Portal Jatim

Alih Fungsi Trotoar di Kota Malang Disorot, DPRD Desak Penertiban dan Kebijakan Permanen

Redaksi
×

Alih Fungsi Trotoar di Kota Malang Disorot, DPRD Desak Penertiban dan Kebijakan Permanen

Sebarkan artikel ini
Ketua Komisi B DPRD Kota Malang, Bayu Rekso Aji

KOTA MALANG — Maraknya pelanggaran penggunaan trotoar di Kota Malang menuai perhatian serius dari DPRD. Jalur yang seharusnya menjadi ruang aman bagi pejalan kaki kini kerap beralih fungsi menjadi lokasi berjualan pedagang kaki lima (PKL), area parkir liar, hingga tertutup bangunan non-permanen.

Sorotan tersebut disampaikan Ketua Komisi B DPRD Kota Malang, Bayu Rekso Aji, di sela kegiatannya di gedung dewan, Kamis (09/04/2026). Ia menilai kondisi ini mencerminkan lemahnya koordinasi antar organisasi perangkat daerah (OPD) dalam mengelola dan menata ruang publik.

Menurutnya, menjamurnya PKL, parkir liar, serta bangunan tanpa izin di atas trotoar menunjukkan adanya persoalan serius dalam tata kelola. Bahkan, ia menilai terdapat kecenderungan pembiaran serta saling lempar tanggung jawab antar instansi terkait.

“Fenomena ini menunjukkan koordinasi lintas OPD belum berjalan optimal. Terlihat ada pembiaran dan tidak adanya langkah tegas yang berkelanjutan,” ujarnya.
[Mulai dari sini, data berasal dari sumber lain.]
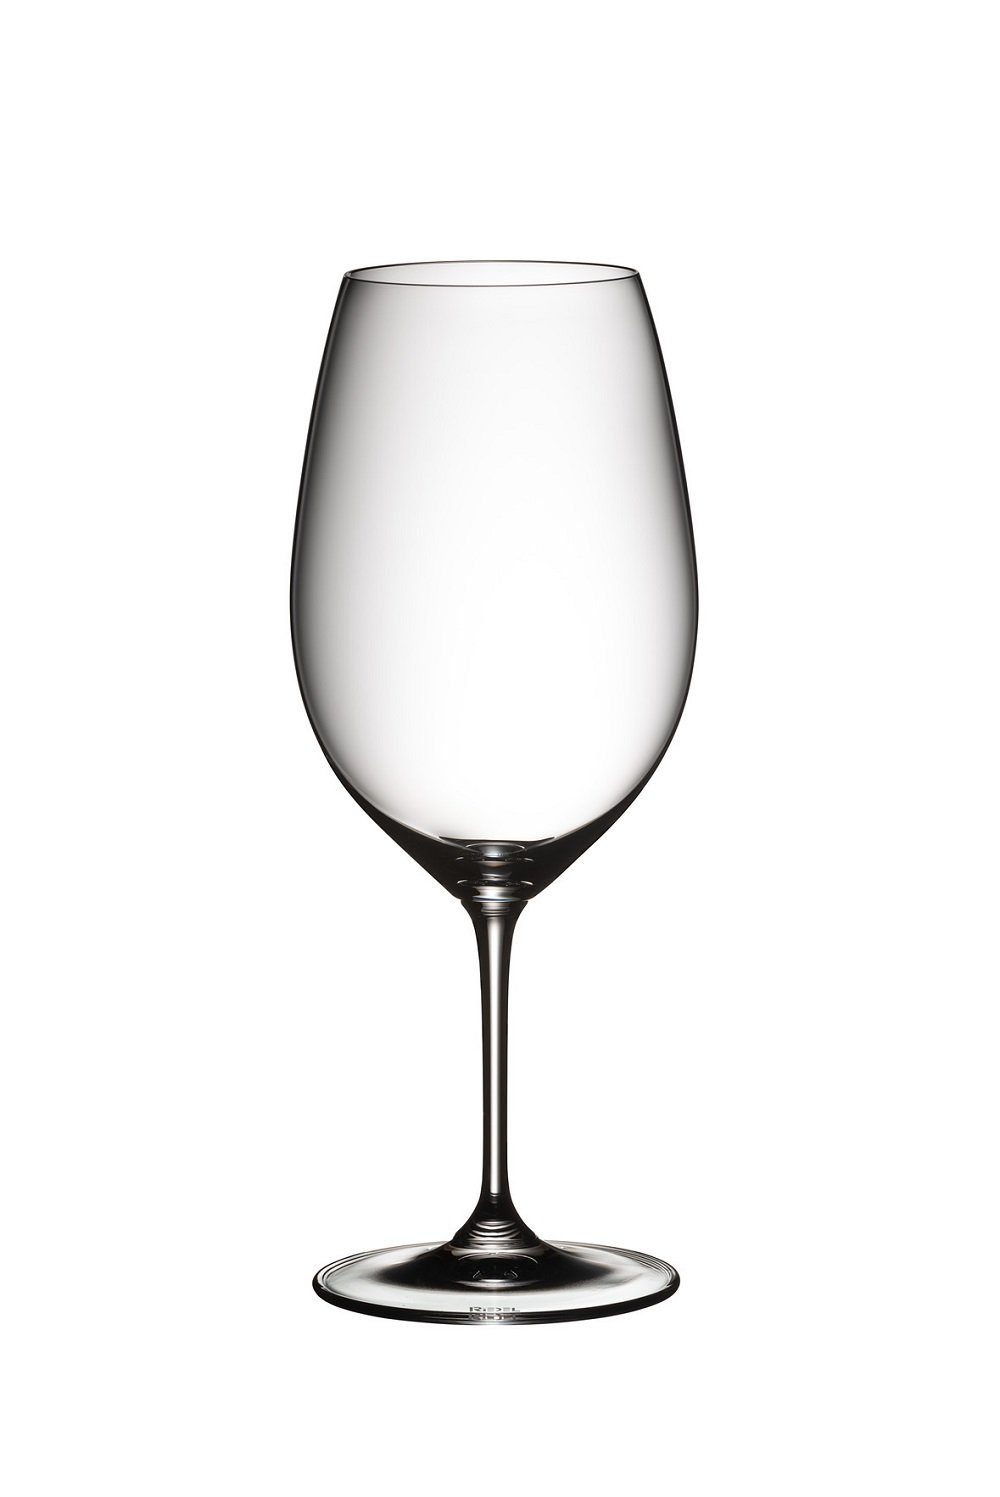 RIEDEL Glas Weinglas Riedel Vinum Syrah/ Shiraz 2er Set, Glas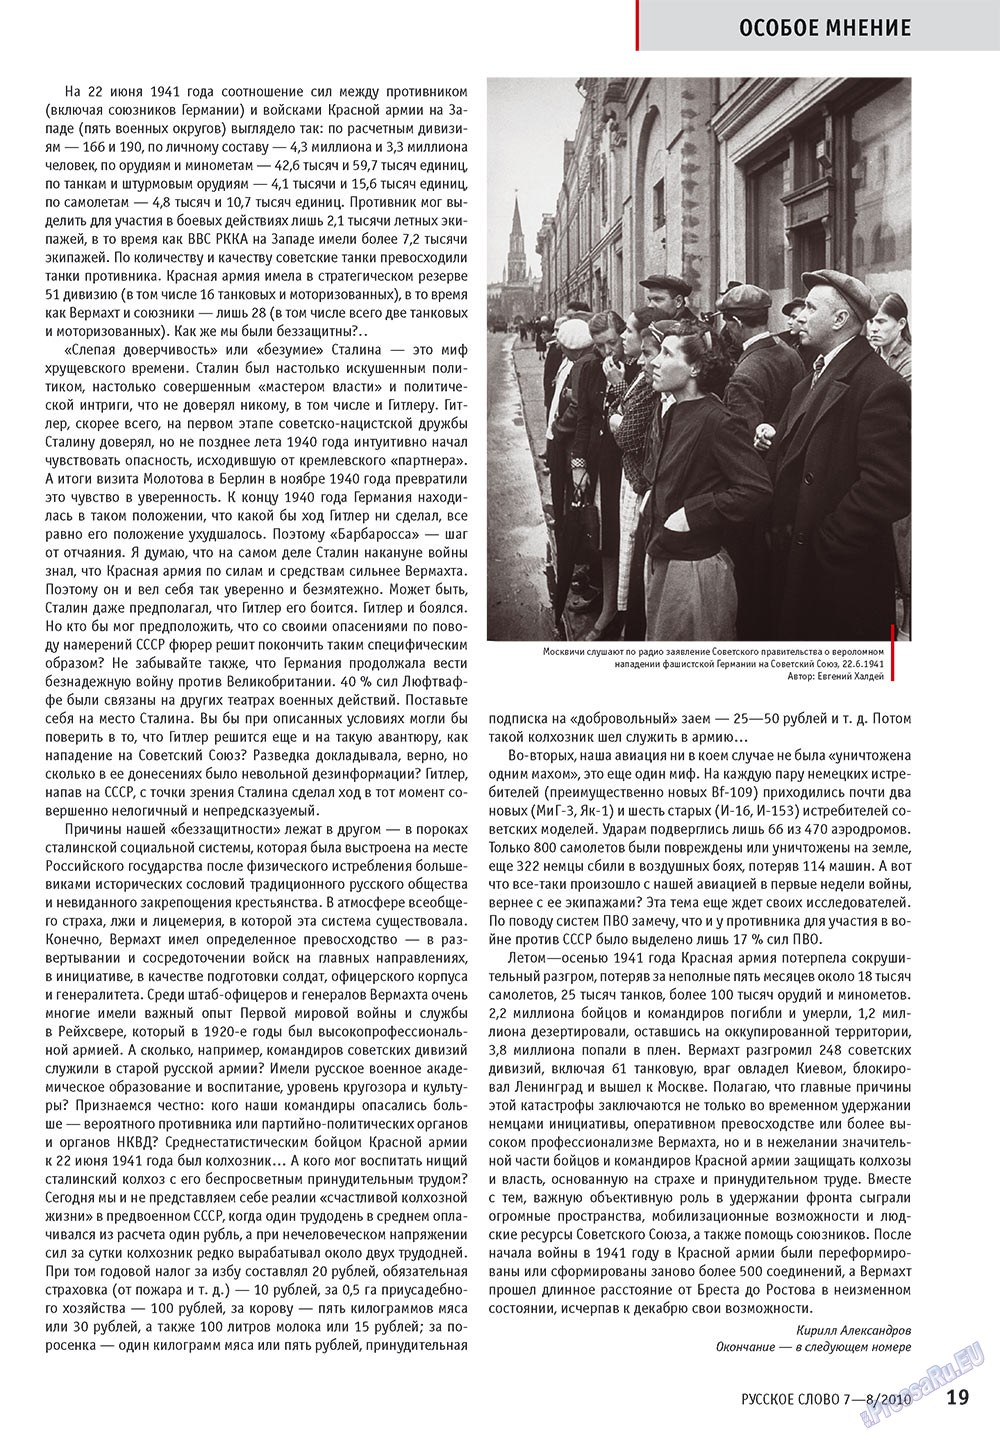 Русское слово, журнал. 2010 №7 стр.21

Politisi dari Partai Keadilan Sejahtera tersebut juga mendesak Pemerintah Kota Malang agar lebih konsisten dalam menegakkan peraturan daerah terkait pemanfaatan trotoar. Ia menegaskan bahwa fungsi trotoar harus dikembalikan sebagaimana mestinya, yakni untuk pejalan kaki.

“Kami mendorong Pemkot segera melakukan normalisasi fungsi trotoar. Ini penting agar hak pejalan kaki terlindungi,” tegasnya.

Lebih jauh, Bayu menilai penyelesaian persoalan ini membutuhkan langkah terpadu yang melibatkan seluruh OPD terkait. Penataan, kata dia, harus dilakukan secara terukur, jelas, dan memiliki tanggung jawab yang tegas.

Ia juga menekankan pentingnya penetapan sektor utama (leading sector) dalam penanganan persoalan tersebut, disertai penegakan aturan yang konsisten. Selain itu, relokasi PKL perlu dilakukan secara manusiawi tanpa mengabaikan ketegasan hukum.

“Penanganan tidak boleh parsial atau sekadar penertiban sesaat. Harus ada kebijakan jangka panjang yang berkelanjutan agar wajah kota menjadi lebih tertib, nyaman, dan memiliki nilai estetika,” ungkap wakil rakyat dari daerah pemilihan Klojen itu.

Baca Juga:
Polresta Malang Kota Perkuat Sinergi Pengamanan Ramadhan dan Idul Fitri 1447 H

DPRD Kota Malang berharap langkah konkret segera diambil oleh Pemkot agar fungsi trotoar dapat kembali optimal dan kualitas ruang publik di Kota Malang semakin meningkat.